Somehow, I have always been especially drawn to all things Alice, and I believe my first exposure was through Disney’s animated version. The nonsense images stuck in my mind as a child; the Cheshire cat dissolving into a shortening ribbon, using a flamingo and hedgehog as sports equipment, the caterpillar blowing smoke vowels into the air. The cartoon fed my imagination, and when I finally read the works by Lewis Carroll, I was even more entranced. What I especially love about Alice is how it seems to expand the limits of logic in our imagination. While I find the books much more philosophical and thought provoking, especially to young and open minds willing to find some insight in the nonsense, my visual mind will always appreciate the animated Alice in Wonderland.
Alice is your typical head in the clouds kid. Her lessons along the banks of the river are a bore, full of dull history and books with no pictures. She wishes for a world all her own, where nothing had to make sense. When she falls into her wonderland, it is frightening how all this nonsense seems to backfire against poor Alice. The way she keeps growing too big or too small at all the wrong times feels like being stuck in a nightmare.
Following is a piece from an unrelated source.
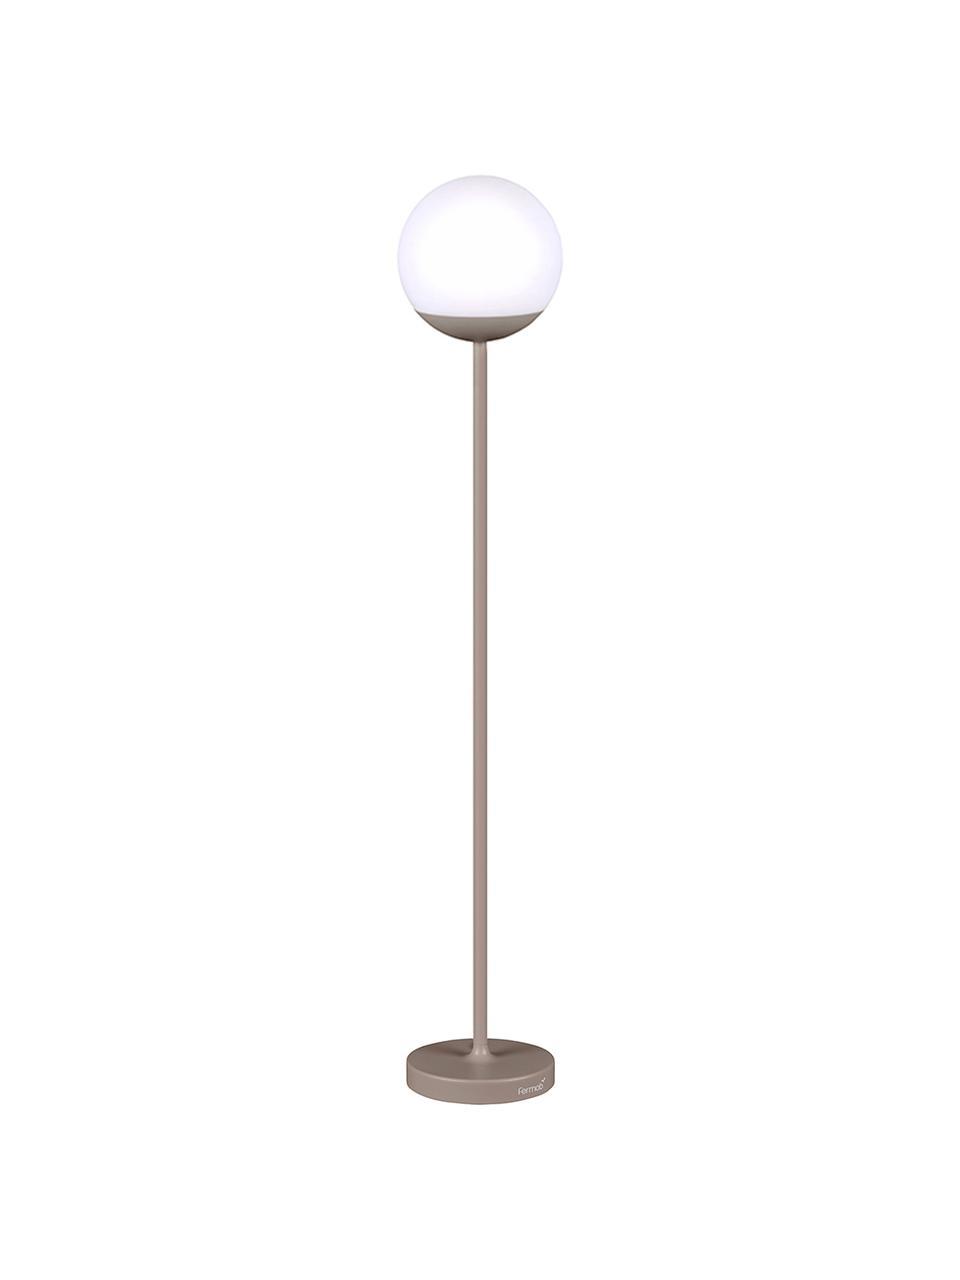 Mobile Outdoor LED-Stehlampe Mooon, Lampenfuß: Aluminium, lackiert, Lampenschirm: Kunststoff, Muskatbraun, Ø 25 x H 134 cm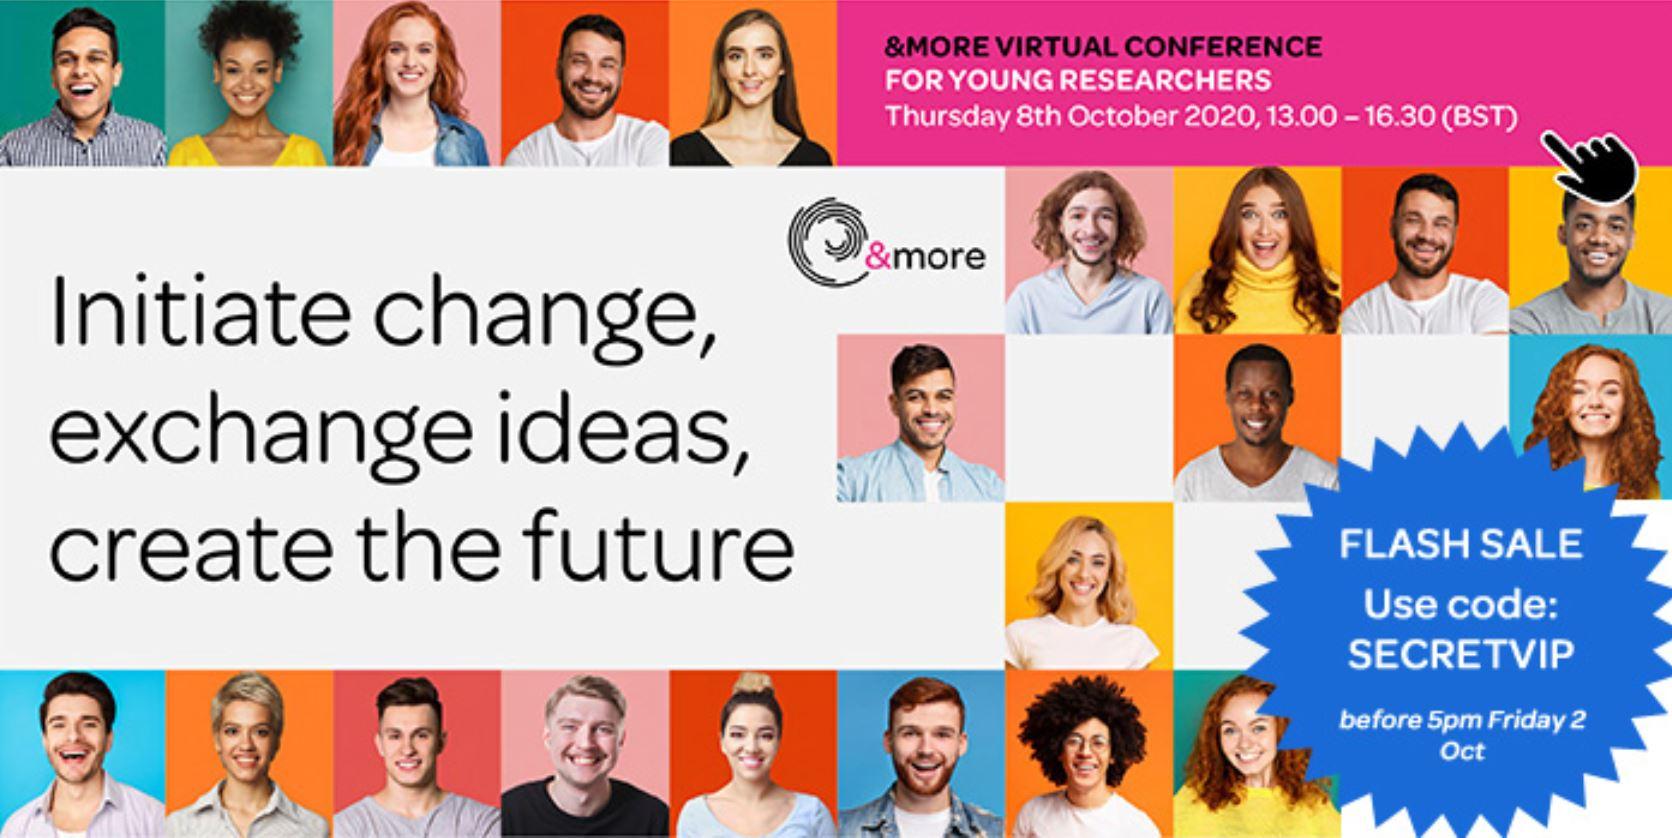 &more Virtual Conference

Being taught logic, no matter how she may think she despises it, Alice tries to use it, but all the characters take no heed. So frustrating. One moment like this that fascinated me since I was a child was at the Mad Hatter’s tea party when he asks, “Why is a raven like a writing desk?” When he asks this to Alice, it is interpreted as a riddle, which Alice attempts to seriously ponder. But the moment Alice asks it back, the question is turned on it’s head and taken as pure madness. Though the scene plays out differently in the book, it just goes to show, even if the waters are tested, nothing is safe or as it seems in wonderland. I have always found that both very funny and frightening.
Some of the animated characters are wonderfully inventive. Some of my favorite things about some of the characters are in the small details, like how the White Rabbit has pink eyes, the King of Hearts has no feet. And never before have oysters looked so cute, with their shells as bonnets and they dance to their demise with little detached feet. One of my favorite sequences is when Alice stumbles upon a garden of flowers and includes the musical number, All in the Golden Afternoon. Turning flowers into singing, talking individuals seems like such a difficult task, yet this ensemble of characters work beautifully together. Later in the film, the way the deck of cards march in a beautifully mathematical precision is a wonderful feat in hand drawn animation.
Many small characters have very surreal qualities, something I have always admired in animation. Somehow, these surreal characters stir up poignant emotions no matter how odd they are. They are most prevalent in the scene where Alice is lost in the woods. She steps into a family of purple horns, honking at her like angry ducks. A flock of umbrellas with bird heads, who seem to splash happily like flamingos one moment then glare down at Alice like ominous vultures the next. And when the broom-headed dog sweeps away the path Alice had been following, I always feel just crushed for poor, lost Alice.
“I give myself very good advice, but I very seldom follow it.”